One question: Did this profile have a new account under 12 months age at the time the auto loan was added? If yes, then the new account penalty should already be in place. If no, then I would have expected a point drop on Fico 8.
Side note: Industry option Ficos have an overlay scorecard worth +/- 50 points. We do know from reason codes that Auto Fico looks for presence of an Auto loan in its scoring algorithm. Your data point provides some quantification. My guess is a auto loan might be worth 20 points toward the Fico 8 Auto overlay but none toward the Fico Bankcard overlay.

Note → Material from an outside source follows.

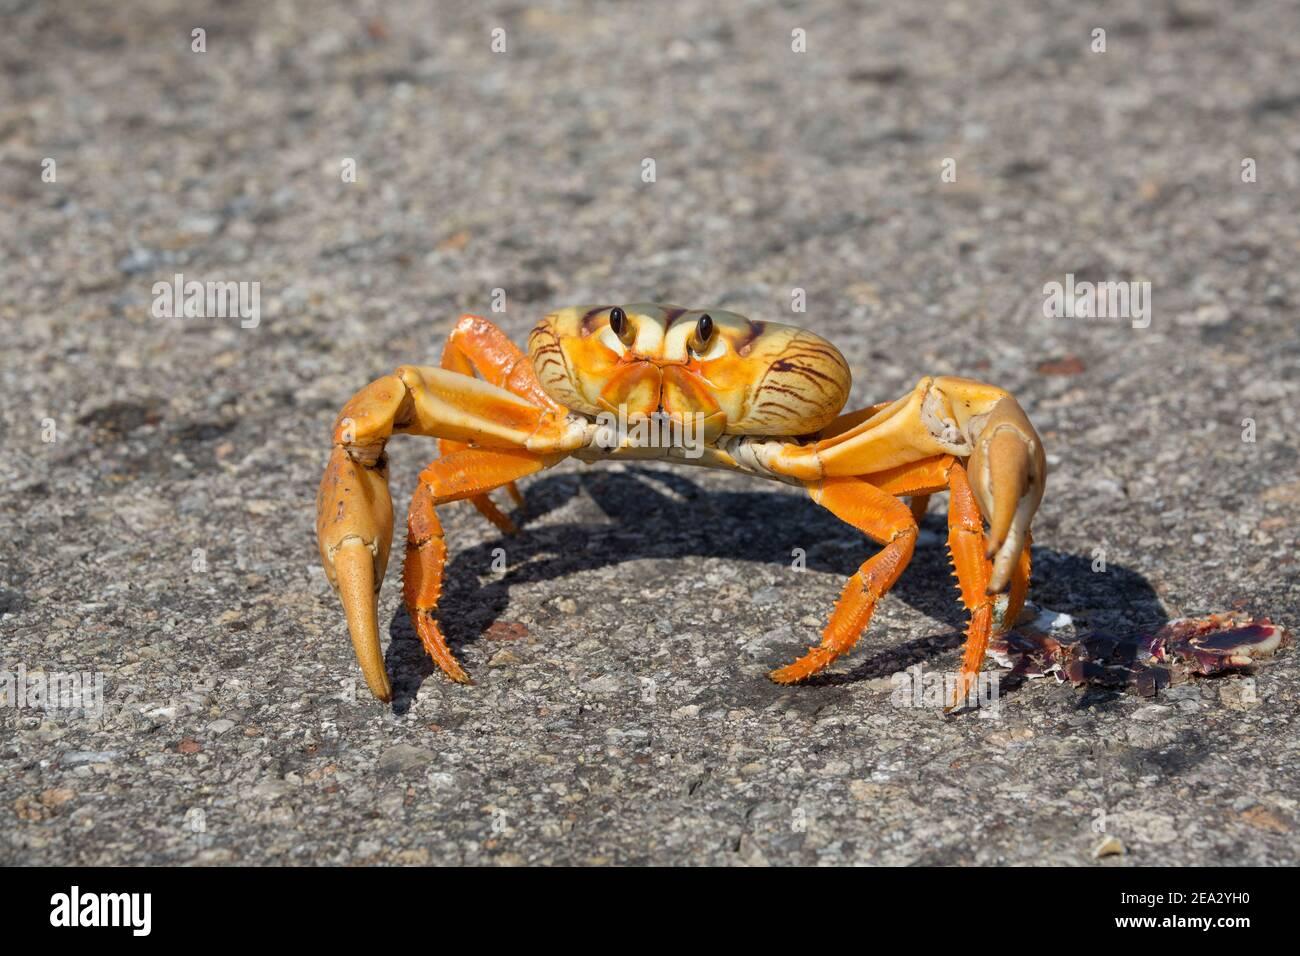 Cuban Land Crab, Gecarcinus ruricola, single orange phase adult on road, March, Playa Giron, Zapata, Cuba Stock Photo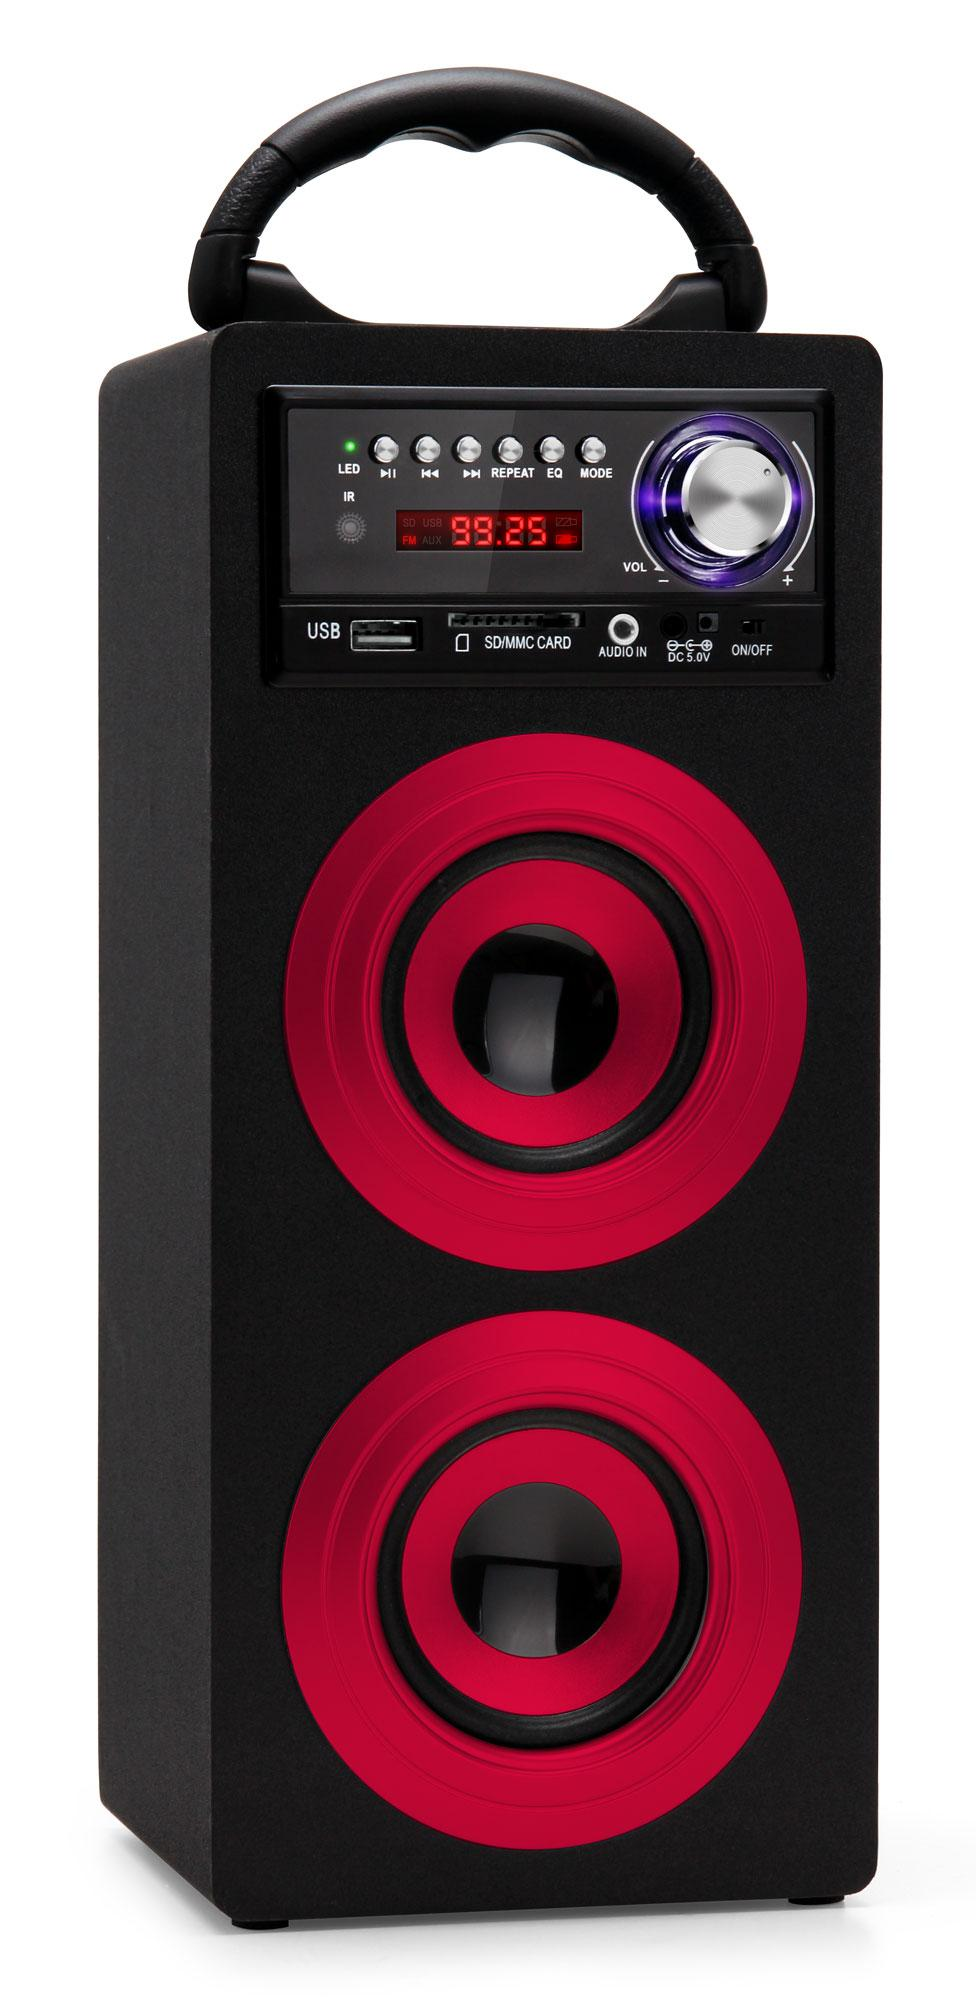 mobiler bluetooth lautsprecher mini stereo anlage usb sd aux mp3 player fm radio ebay. Black Bedroom Furniture Sets. Home Design Ideas

I don't think the overlay cares about open/closed status.
@Thomas_Thumb wrote:Another good data point showing effect of adding a non mortgage installment loan on a revolving only profile. A loan, where none existed before, may be worth 35 points (or so). I this case the "bonus points" are offset by the high B/L ratio on the installment loan. Although the mortgage Ficos like seeing a loan on file for mix, they don't seem to care if it is open or closed. Perhaps this helps explain the typical score drop on Fico 8 when closing a single open loan but minimal change on mortgage Ficos when a single open loan is closed.
One question: Did this profile have a new account under 12 months age at the time the auto loan was added? If yes, then the new account penalty should already be in place. If no, then I would have expected a point drop on Fico 8.
Side note: Industry option Ficos have an overlay scorecard worth +/- 50 points. We do know from reason codes that Auto Fico looks for presence of an Auto loan in its scoring algorithm. Your data point provides some quantification. My guess is a auto loan might be worth 20 points toward the Fico 8 Auto overlay but none toward the Fico Bankcard overlay. I don't think the overlay cares about open/closed status.
No there was no other account open less than 12 months, so this one would have been assessed the new account penalty. I too was expecting a FICO 8 point drop.
Thanks -
I can't recall if Birdman's long thread on Fico scoring zeroed in on the new account penalty being specific to addition of a revolving account - installment account exclusion?
The new account penalty is typically 20 to 30 points (probably on the higher side for a thin/young file). A new inquiry typically costs 5 points.
Your data supports the idea that installment loans aren't considered in the new account penalty.
@Thomas_Thumb wrote:
Thanks -
I can't recall if Birdman's long thread on Fico scoring zeroed in on the new account penalty being specific to addition of a revolving account - installment account exclusion?
The new account penalty is typically 20 to 30 points (probably on the higher side for a thin/young file). A new inquiry typically costs 5 points.
Your data supports the idea that installment loans aren't considered in the new account penalty.
I believe it is. When I used to add Alliant SSL's they were referenced as new accounts. And in experian.com for the thin file I'm monitoring, in the FICO scoring factors it's referencing the fact that the newest account is 1 month old. The only account fitting that description is the auto loan.
Just because the score didn't move doesn't mean it wasn't factored into the net score.
Here there were positives: credit mix, open loan
And negatives: high installment utilization, new account
I think they just balanced each other out.
Update 1/12/23
When the inquiries hit a month later (multiple inquiries aggregated as one) EX FICO 8 and Auto 8 each dropped 3 points. So the net result in those scores was FICO 8 -3, Auto 8 +21.